Hacker News new | ask | show | jobs
by CGamesPlay 3725 days ago
Neat stuff, fun to play with. I wasn't able to get a net to classify the swiss roll. Last time I was playing around with this stuff I found the single biggest factor in the success was the optimizer used. Is this just using a simple gradient descent? I would like to see a drop down for different optimizers.
3 comments

http://imgur.com/ypBQEWx

Add some noise, and use all the inputs, and one 8 wide hidden layer

edit: works better with a sigmoid activation curve, but it converges more slowly

Yeh you're on the right track. Nice pattern emerges on this after 160 iterations.

http://playground.tensorflow.org/#activation=tanh&batchSize=...

Using syn, cos, x1, x2 with 1 six-neuron hidden layer does the trick quickly: http://imgur.com/UMv5gsH

No need to mess with noise or regularization :)

> Add some noise

This actually makes the dataset harder to fit to. It is not the same thing here as the "training with noise" method where random noise would be added to each batch, as an alternative means of Tikhonov regularization.

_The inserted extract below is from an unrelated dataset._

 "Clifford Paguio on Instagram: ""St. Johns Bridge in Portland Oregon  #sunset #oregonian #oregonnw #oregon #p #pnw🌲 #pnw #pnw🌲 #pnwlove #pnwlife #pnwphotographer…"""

wih that particular data set, it looks like it really just adds more data, and more importantly, fills in the gaps along the spirals which is where my setup was having troubles.

The noise doesn't go far enough to start confusing points between different clusters, but it adds more points.

That said, my knowledge of neural nets is fairly limited.

Using all inputs and 6 layers of varying sizes. After about 500 iterations. http://i.imgur.com/x1MOpvl.jpg
Just 100 iterations, learning rate 0.03, activation tanh, regularization L2, rate 0.01. The network is 8,8,8 neurons per layer.
Using the defaults, I had success at about 300 iterations with all the inputs and 5 hidden layers, each with a decreasing number of neurons (i.e. 6,5,4,3,2).

I don't know if that's a general feature to need fewer neurons with each layer, but that seems to work here.

What were the optimization algorithms you had most success with? Were they more successful in the sense of better out-of-sample error rate or in the sense of quicker convergence (or something else)?